[Bug] Performance differences between normal and masked PPO

tyler-ingebrand commented 1 year ago

Describe the bug I am getting different convergence results for PPO and MaskedPPO on the same environment. The mask is entirely permissive, IE all actions are allowed for MaskedPPO. I am doing this to verify convergence properties before adding in my mask. I think learning curves should be similar, unless I am misunderstanding something. I've tested on multiple seeds with the same results.

See training graphs below: Masked: Masked_PPO Normal: Normal_ppO

My environment is a minigrid. Observation space is an image, action space is discrete(7). I will summarize my code below. Providing my exact env would be impractical, and I do not think the env is the issue.

Code example

env = gym.make(...) # my custom minigrid
env = RGBImgObsWrapper(env, tile_size=tile_size) 
env = ImgObsWrapper(env) 
env = MiniWrapper(env)  # the above wrappers are minigrid specific
def mask_fn(env: gym.Env) -> np.ndarray:
    return np.ones(7)

# exchange this for PPO for the normal PPO case, and dont use ActionMasker; Otherwise everything is the same
env = ActionMasker(env, mask_fn)  # Wrap to enable masking
model = MaskablePPO(MaskableActorCriticPolicy, env, verbose=1) 
model.learn(total_timesteps=200_000)
# graphs, visualization, etc

System Info Installed with pip in a venv. sb3-contrib 1.7.0 stable-baselines3 1.7.0

GPU models and configuration Gefore RTX 2060
Python version 3.10.9
PyTorch version torch 1.13.1
Gym version gym 0.26.0 gym-minigrid 1.2.2 / gym-notices 0.0.8
Versions of any other relevant libraries matplotlib 3.6.2 numpy 1.24.1 nvidia-cublas-cu11 11.10.3.66 nvidia-cuda-nvrtc-cu11 11.7.99 nvidia-cuda-runtime-cu11 11.7.99 nvidia-cudnn-cu11 8.5.0.96 pip 22.3.1 tf 1.12.1 tf_conversions 1.12.1 tf2_geometry_msgs 0.6.5 tf2_kdl 0.6.5 tf2_py 0.6.5 tf2_ros 0.6.5

Additional context Is there any advice on how to debug this? Is this expected behavior due to a required change in the masked version of the algorithm? Hyper parameters are all the same, allowed actions in every state is the same, so intuitively I would expect the same results.
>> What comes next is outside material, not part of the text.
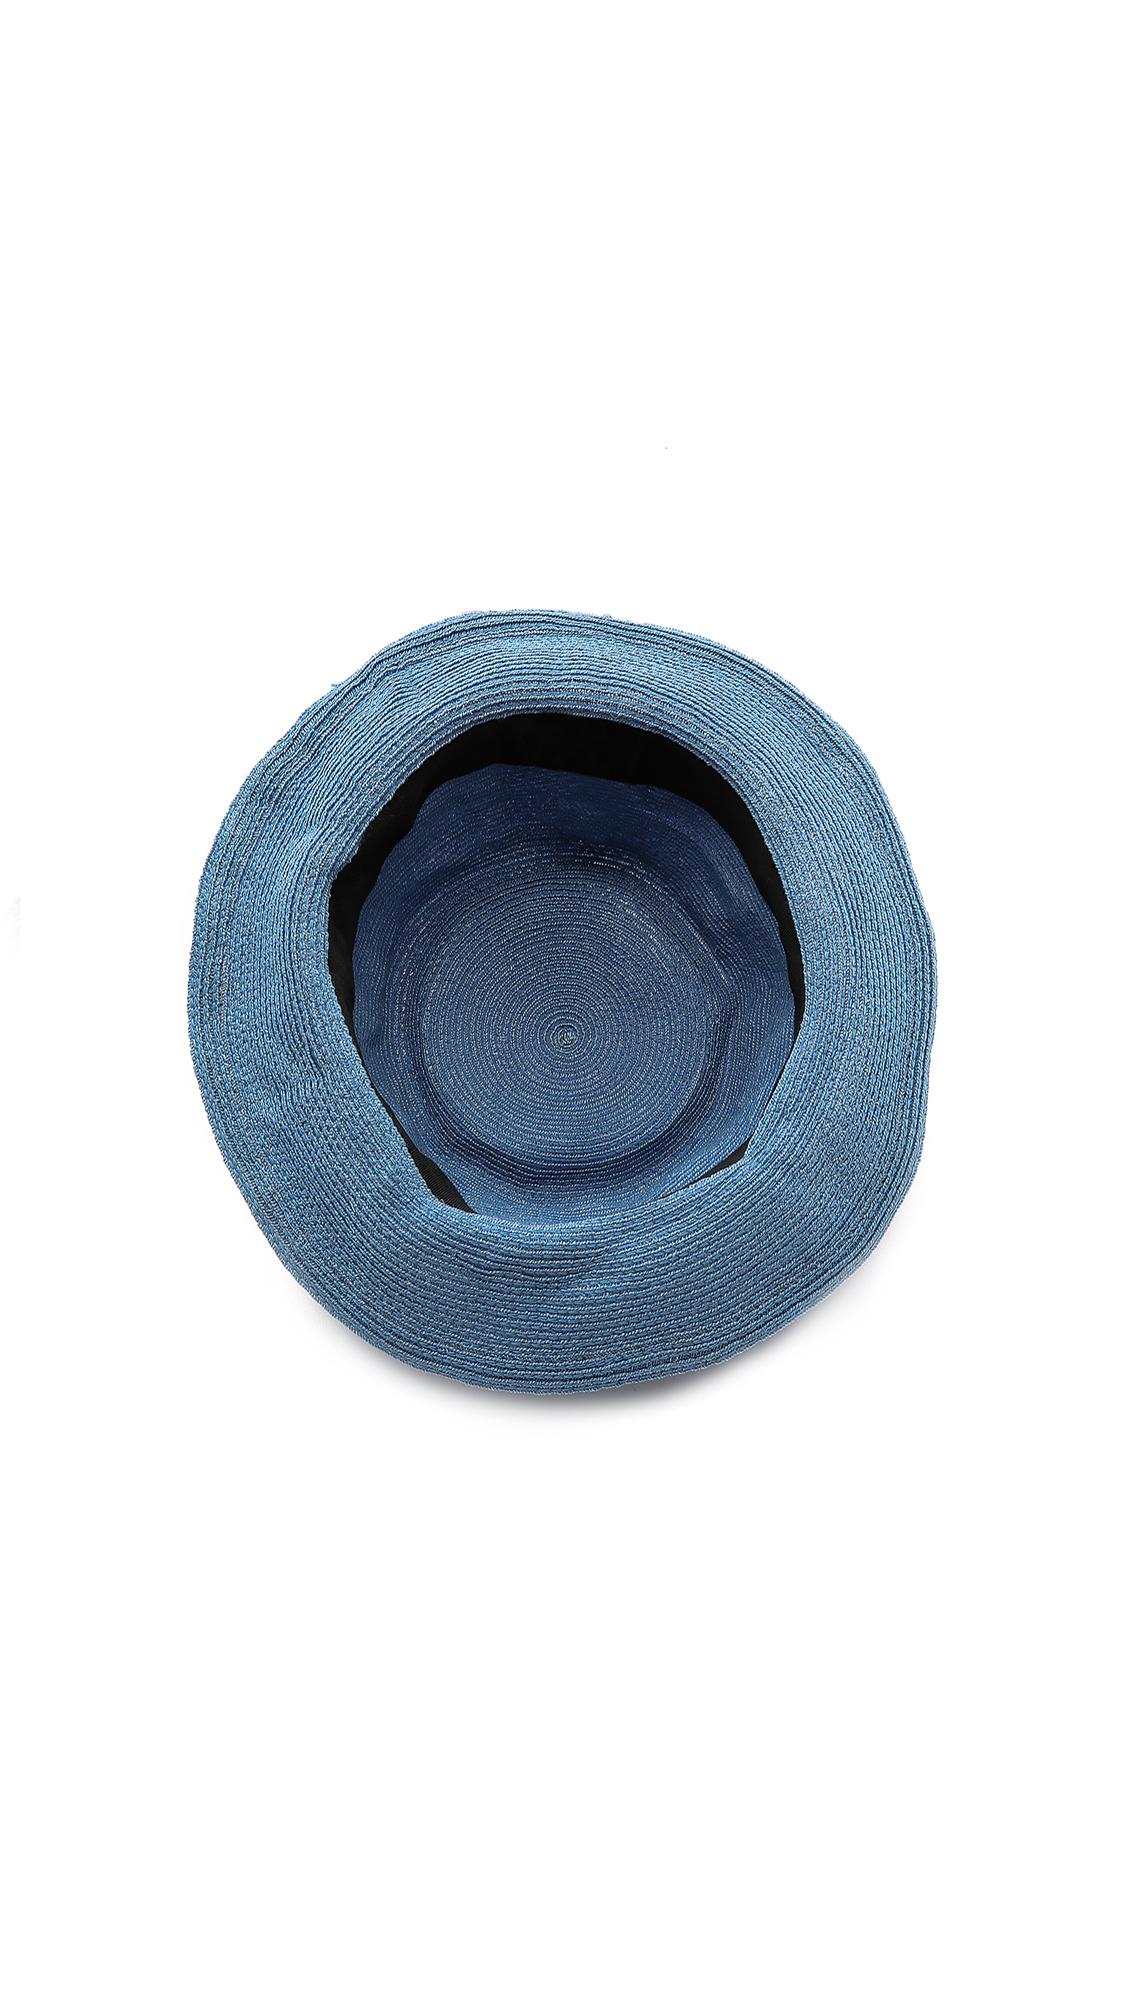 Lyst - Mr. Kim By Eugenia Kim Steve Straw Hat in Blue for Men

My minigrid does have sparse reward, so maybe exploration is different between algorithms?

Thank you for your help

tyler-ingebrand commented 1 year ago

About the only difference I can see in the implementations is:

:param use_sde: Whether to use generalized State Dependent Exploration (gSDE)
        instead of action noise exploration (default: False)
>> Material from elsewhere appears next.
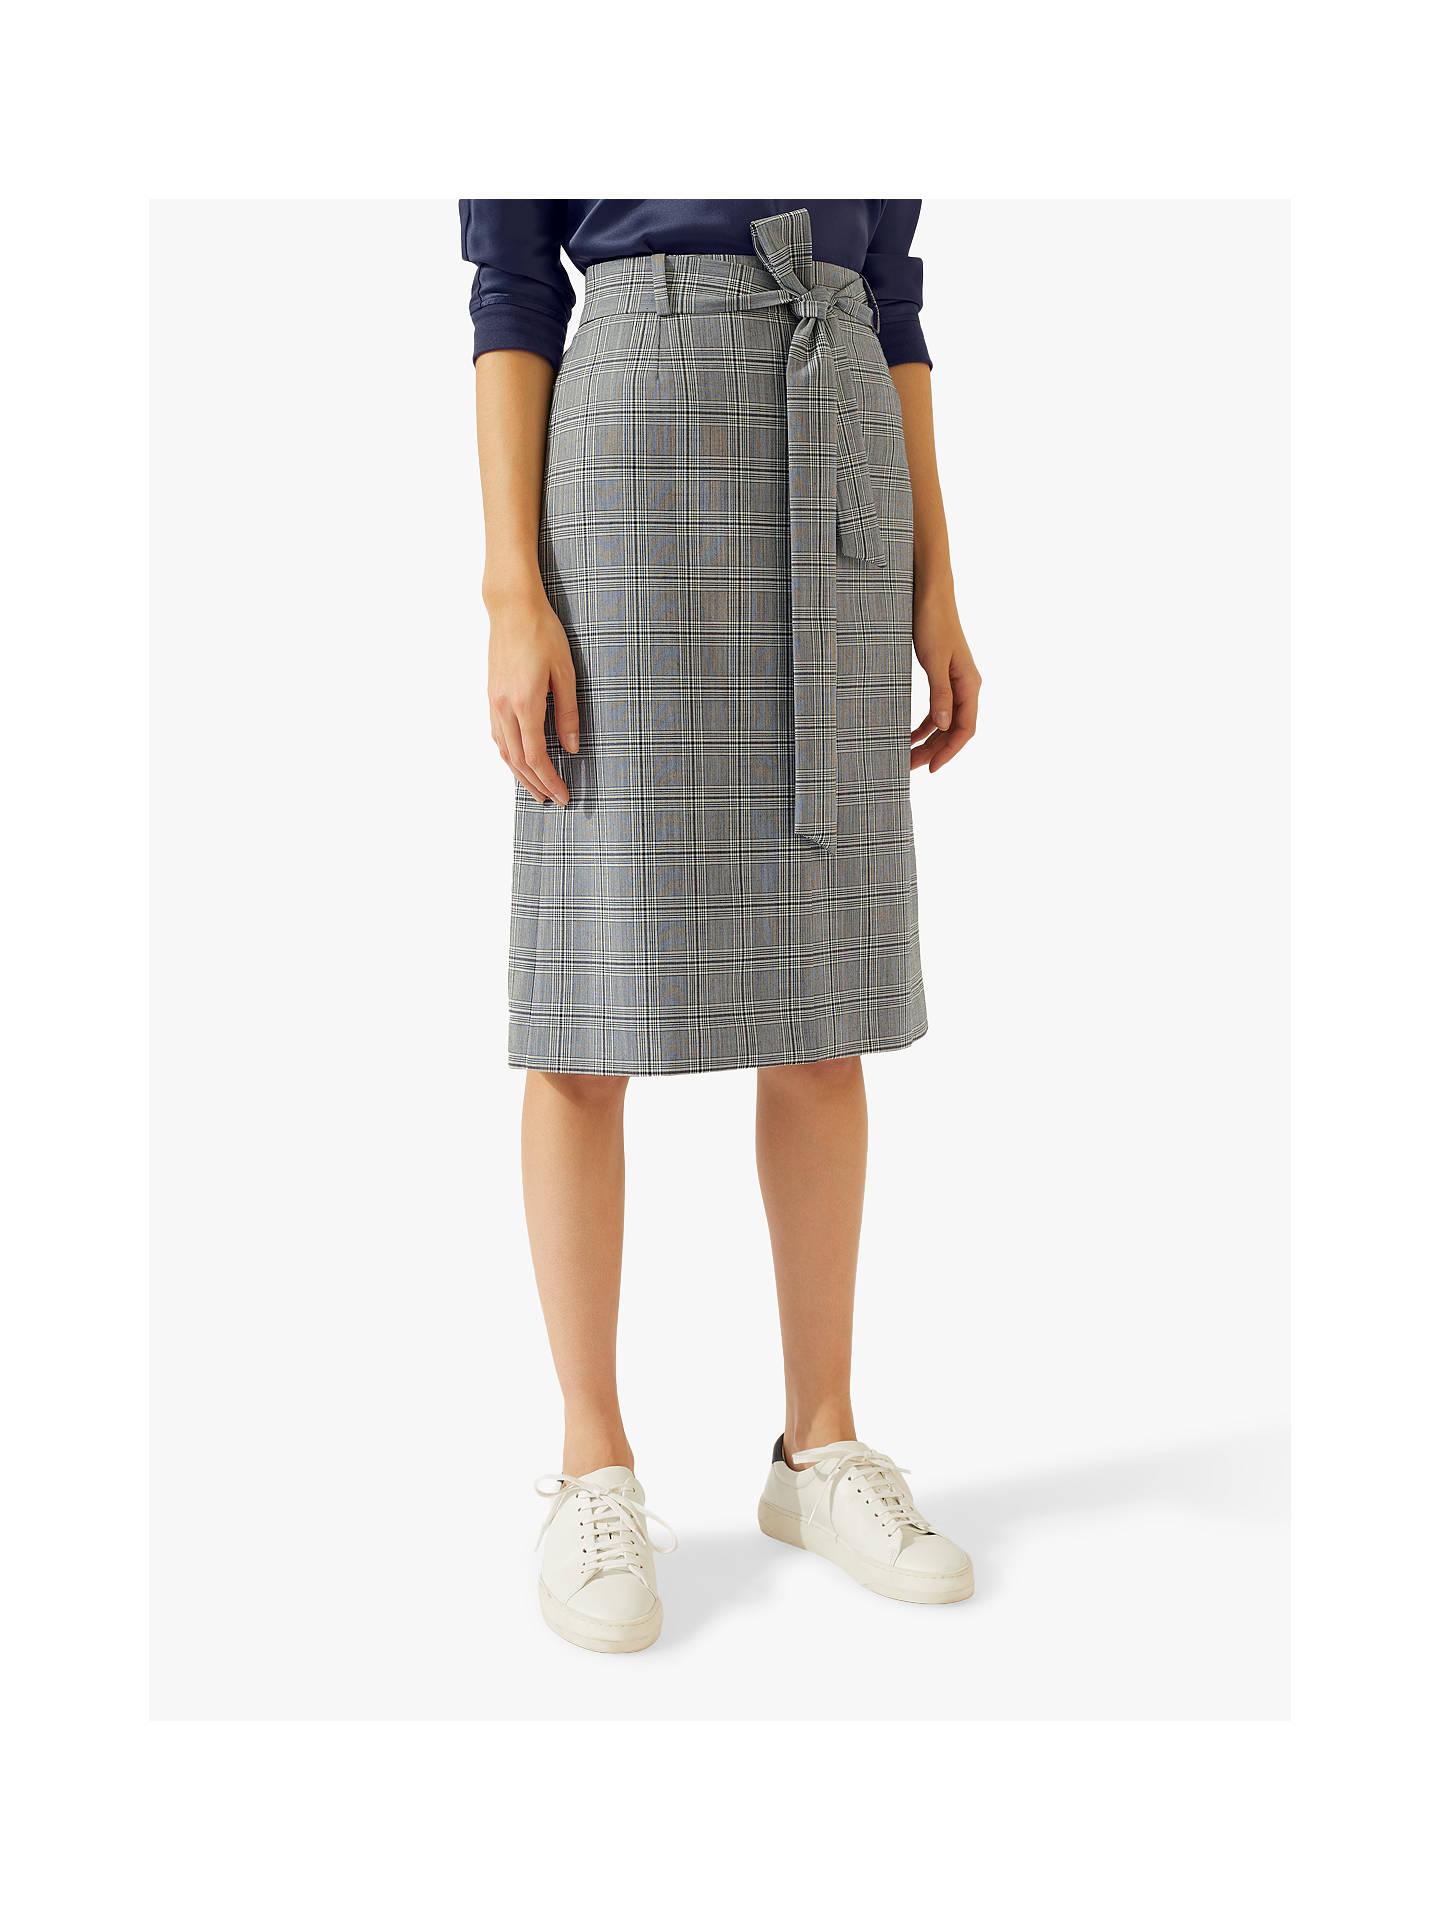 72b636077f81 Buy Jigsaw Monochrome Check Midi Skirt, Multi, 8 Online at johnlewis.com ...

Given that this defaults to False, I would think it should have no effect.

tyler-ingebrand commented 1 year ago

Whoops, found the issue. I forgot to specify CNN as the policy architecture, so it was flattening my image into a vector. My bad. It would be nice however if it threw a warning when the observation is an image and the first layer is a flatten layer.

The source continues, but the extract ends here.